У папы щетина и обожаемый нос, который можно обслюнявить, потянуть пальцами. Папа щекочет и смеется вместе с тобой. Гладит по голове. Исполняет все капризы - стоит только зареветь или даже нахмуриться и засопеть.
"Избалуешь ее", - смеется мама. Совсем еще девчонка, чуть старше Алинки.
"И пусть. Кто ее еще побалует?"
Им, маленьким, не объяснили, куда внезапно пропал отец из дворца и почему они больше его не видели. Василина была совсем малявкой и не реагировала так, как Ани - а для старшей принцессы рухнул привычный и безопасный мир. И именно тогда закончилось для нее детство, и началась жизнь Ангелины-наследницы.
Уже потом, когда Ангелине исполнилось 12, мама прямо и спокойно рассказала, что случилось у нее с первым мужем. Но старшая Рудлог уже умела держать лицо и отреагировала так же спокойно. Только сны из детства на некоторое время возобновились да подушка по утрам отчего-то оказывалась мокрой.
Принцесса уже далеко от места, где видела отца - а в глазах соленая дымка, и Ани скользит пальцами по неровной черной вязи проклятия и считает шаги. Ноги будто схвачены страшнейшей судорогой и вплавлены в гору, и непонятно, как у нее получается переставлять их. До места, где начинается вязь, совсем немного. Двадцать шагов? Тридцать? Целая вечность.
Из осколков-зеркал, покрытых черными трещинами, начинает сочиться кровь - и стены полыхают от огненных капель, скатывающихся по сплетению света, как слезы. Ангелина уже не смотрит туда - склонила голову и идет вперед, и кажется, что еще шаг - и она упадет, и будет отнесена рекой времени назад, в самое начало.
Но она дошла. Не могла не дойти.
Наконец перед ней последнее треснувшее зеркало. Мутное - ничего не разглядеть, но именно от него идут побеги тьмы, прошивая все последующие на огненном древе ее рода.
И принцесса прикладывает к нему руку - и снова рассыпается роем жгучих искр, впитывающихся в стекло времени.
Огненная искорка вылетела из камина, поднялась в воздух в старом замке Рудлог, слилась с трепещущей свечой на столе. Не было здесь еще ни пышного убранства, ни знакомой облицовки стен - все серое, монументальное, закрытое гобеленами, и только узкие окна позволили догадаться, что это Малый салатовый зал в центре нынешнего дворца, бывший ранее королевскими покоями.
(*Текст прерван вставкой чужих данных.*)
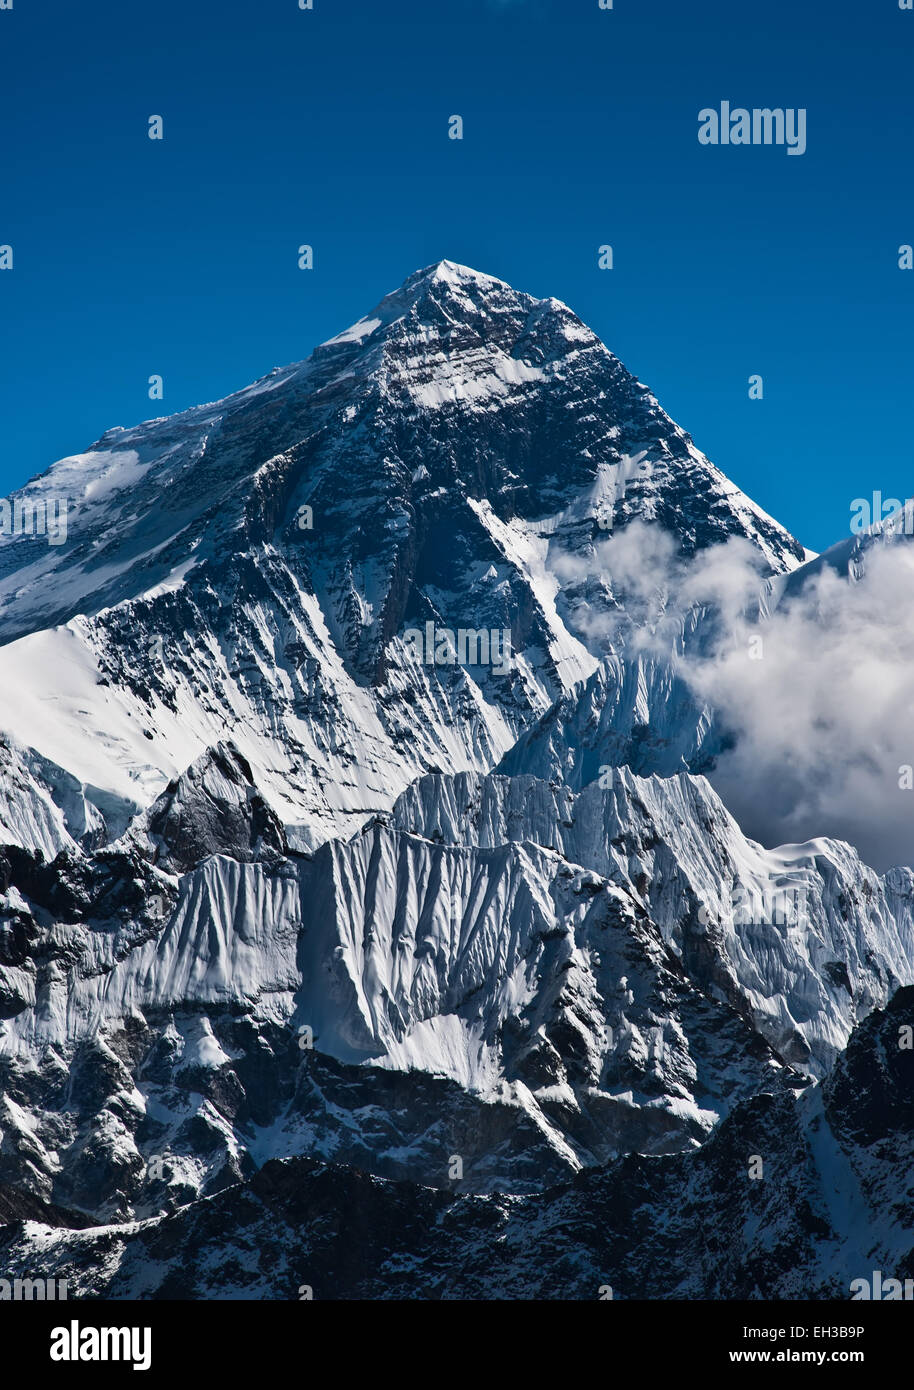 Everest Mountain Peak or Sagarmatha with 8848 m height Stock Photo - Alamy
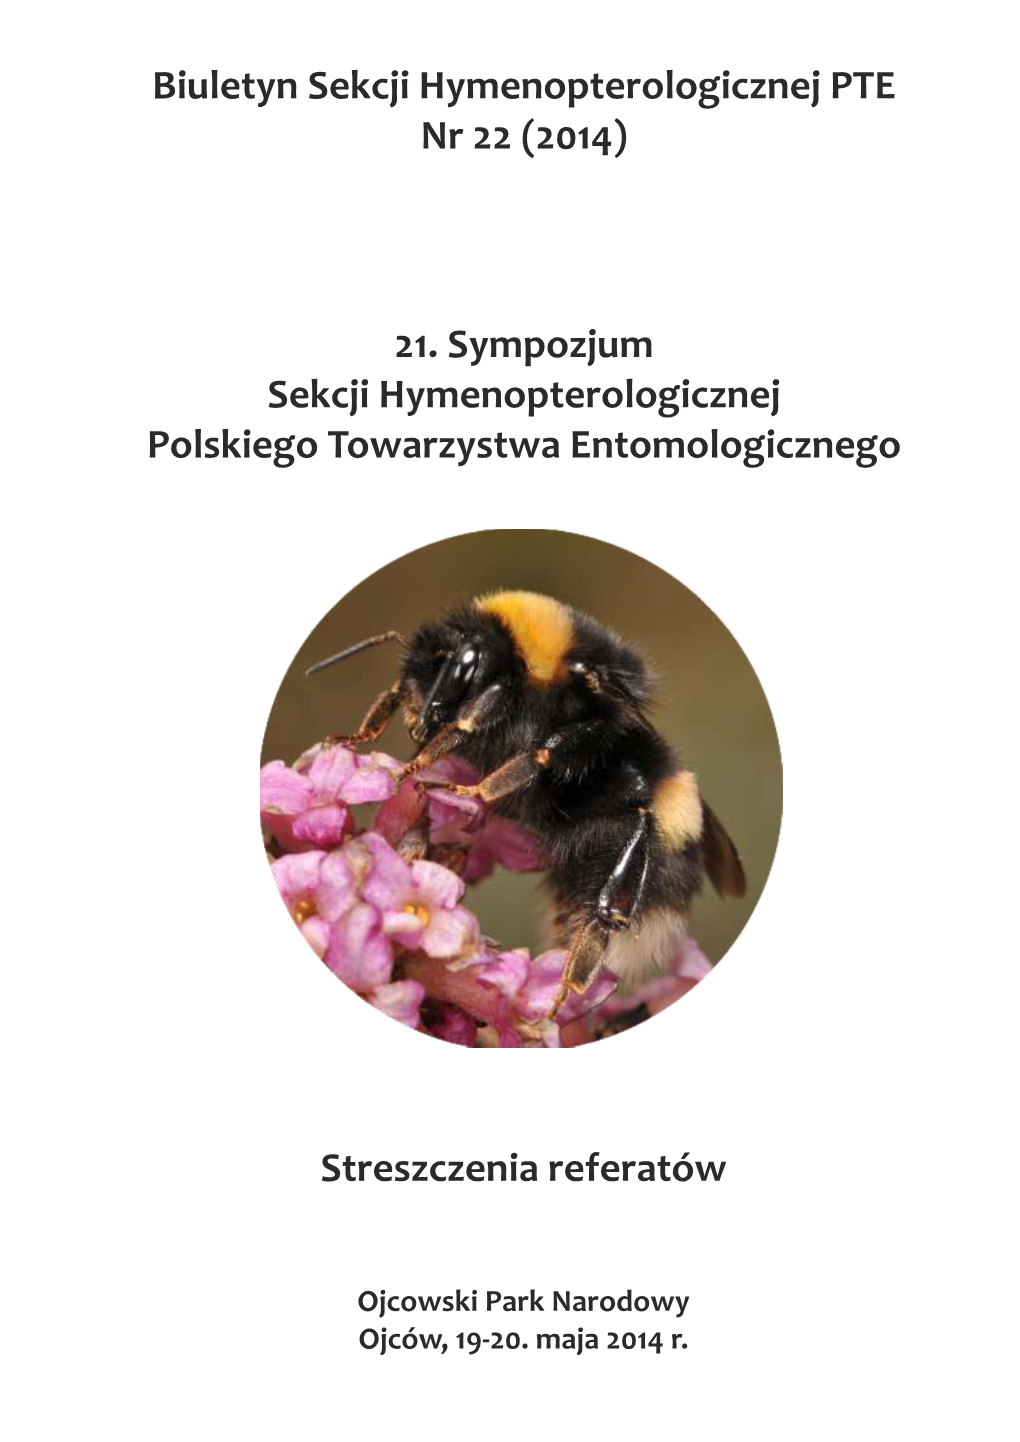 21. Sympozjum Sekcji Hymenopterologicznej Polskiego Towarzystwa Entomologicznego

В комнате при свете свечей разговаривали двое мужчин, очень похожих друг на друга. Отец и сын. Оба с льняными длинными волосами, с очень светлыми глазами, широкие в плечах, невысокие. Лица резкие - упрямые подбородки, фамильные скулы, поджатые губы, и голоса громкие, рокочущие, агрессивные, хотя разговор мирный. И одеты они похоже - темные вышитые туники с длинными рукавами, широкие штаны, всунутые в сапоги, теплые плащи. За окном холодно, и в замке, видимо, тоже.
- Полетишь в драконью страну, - говорил старший, - с посольством. Мы их ласково встречали, сейчас они нас зовут, на спинах своих понесут вас. На государство наше сверху смотри да карту черти, пригодится. Прилетишь в Лонкару - себя показывай хорошо, вокруг гляди да запоминай как что устроено, с Владыками общайся как с равными, норов свой держи в узде - Пески страна богатая, многими чудесами полна, нам нужна как добрый сосед.
- Воля твоя, батюшка, но я бы пригодился вам и здесь, - отвечал второй. - На Севере неспокойно, окорот нужен.
- Ты славный воин, Седрик, да и у меня рука пока сильна, - усмехнулся первый, - меч удержит. Пробудешь там год, может, два - сколько понадобится, чтобы объехать все города Владык и понять их уклад. А потом пойдешь в их Университет - давно хочу здесь такой же сделать, вот и привезешь мне как что там устроено.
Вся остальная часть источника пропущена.